If there was a general election this year, "there's no way I could vote Tory", Ms Longthrop says. "Not a cat in hell's chance."
An electoral shift
The Liberal Democrats have already profited from Tory discontent, gaining 224 council seats in this month's local elections, many of them in rural areas.
These voters are "turning to the Liberal Democrats in their droves" because they know we "fight for our rural communities", says Tim Farron, the party's rural affairs spokesperson.
The party has high hopes for the upcoming by-election in the Devon constituency of former Tory MP Neil Parish, who resigned over watching porn in Parliament.
But "Tory support in rural areas is there", insists Angus Thompson, chairman of Chancellor Rishi Sunak's constituency association in North Yorkshire.
He says farmers and rural voters strongly believe in prudent management of public finances and that partly explains why the Conservatives gained control of a new council in North Yorkshire.
And he says Tory MPs need to back Boris Johnson and "keep the message that we are a party of 'sound finances' rather than the Liberals" who "spend money and worry about the consequences later".
Even so some voters had have already deserted the Tories, including Robert Craig, a dairy farmer from Cumbria.
For years he was president of the Conservative Association in Penrith and The Border, when former Tory MP Rory Stewart held the constituency.
But in 2019 Mr Craig resigned in solidarity with Mr Stewart, who was suspended from the Conservatives for rebelling against the government's Brexit agenda and subsequently stood down as an MP.
"I do not associate myself with the current Conservative administration at all, really," Mr Craig says. "I do question whether I was as Conservative as I thought I was."
Mr Craig did not even vote in the recent local elections, which Labour said were a "turning point" for the party.
In places like Cumbria, where Labour won a new council, farmers feel "betrayed" by the lack of support and voters have decided "the Tories are out of touch", says Labour's Jim McMahon, shadow secretary for the environment, food and rural affairs.
Brexit was doing farmers like him "no good whatsoever", Mr Craig says.
He says labour shortages are the "biggest challenge" for his three dairy businesses.
Last year a committee of MPs said Brexit and the Covid-19 pandemic had left 500,000 job vacancies in the food and farming sector.
The government changed tack, extending a seasonal workers scheme and opening up more opportunities for skilled labour from abroad.
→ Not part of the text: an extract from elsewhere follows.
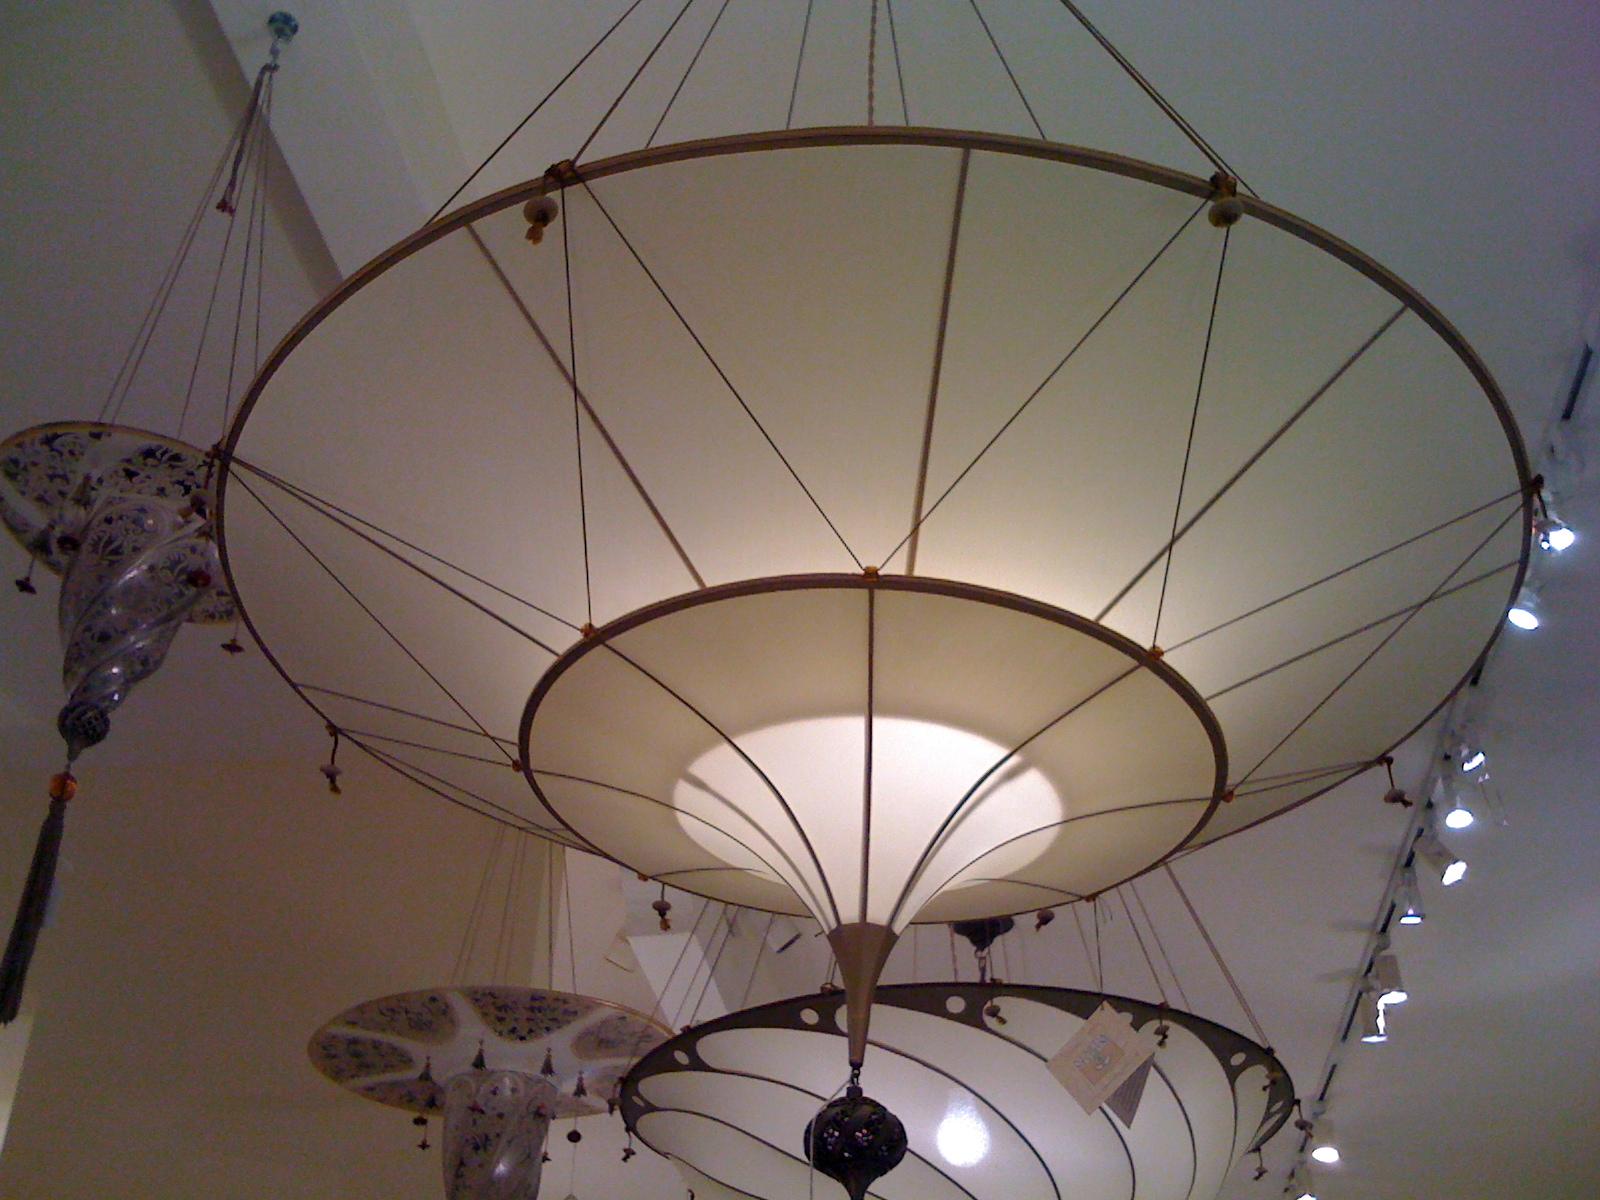 les inspirational du gallery lights images on style meilleures fortuny of chandelier tableau lighting sur pinterest best

And yet, vacancies remain unfilled.
"We're really struggling," Mr Craig says. "You advertise jobs and you get very little interest."
Plus, "we're seeing huge spikes" in energy and other production costs, he explains.
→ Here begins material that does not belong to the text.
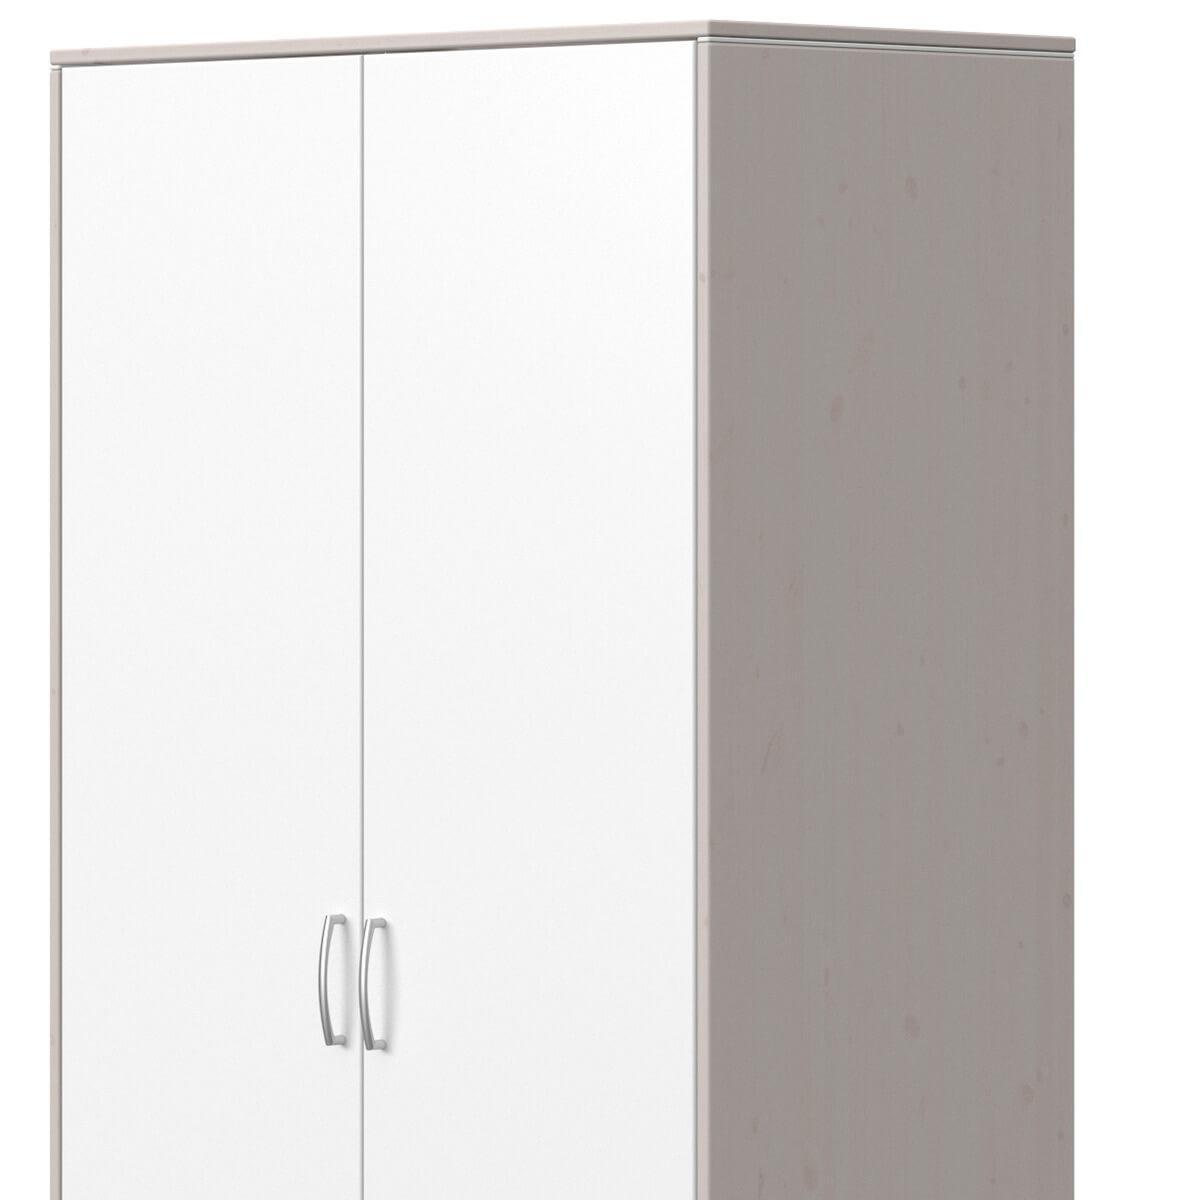 Armoire 2 portes 2 tiroirs CLASSIC Flexa blanc-grey washed

He welcomes government support to ease these growing costs, including an advance payment of subsidies to assist with cash flow.
Following Brexit, the transition to an independent agricultural policy has pushed farming up the political agenda.
In the debate, "a false choice" between food security and protecting the environment is sometimes presented, says Jonathan Roberts, director of external affairs at the Country Land and Business Association (CLA).
To keep farmers on board with its reforms, the government has to manage the process carefully and stimulate economic growth in the countryside, Mr Roberts says.
He says that for too long, the government's policies "have been geared towards treating the countryside as a museum" and now rural communities "are in a mood to say: I'm not going to vote in the way I always have".
That mood has struck Ms Small, Ms Longthrop and Mr Craig, who have all turned their backs on the Tories, for now.
As the next general election looms, what would it take for them to vote Conservative again?
The Tories need to present a "coherent plan around food, energy and environment" for farming, Mr Small says. For Mr Craig, the party needs to ditch Boris Johnson and "incentivise people into a future of farming".
Both have bold demands, whereas Ms Longthrop has a more modest request, similar in tone to the NFU president's demands.
"Talking to farmers would be a good start," she says. "I need them to listen."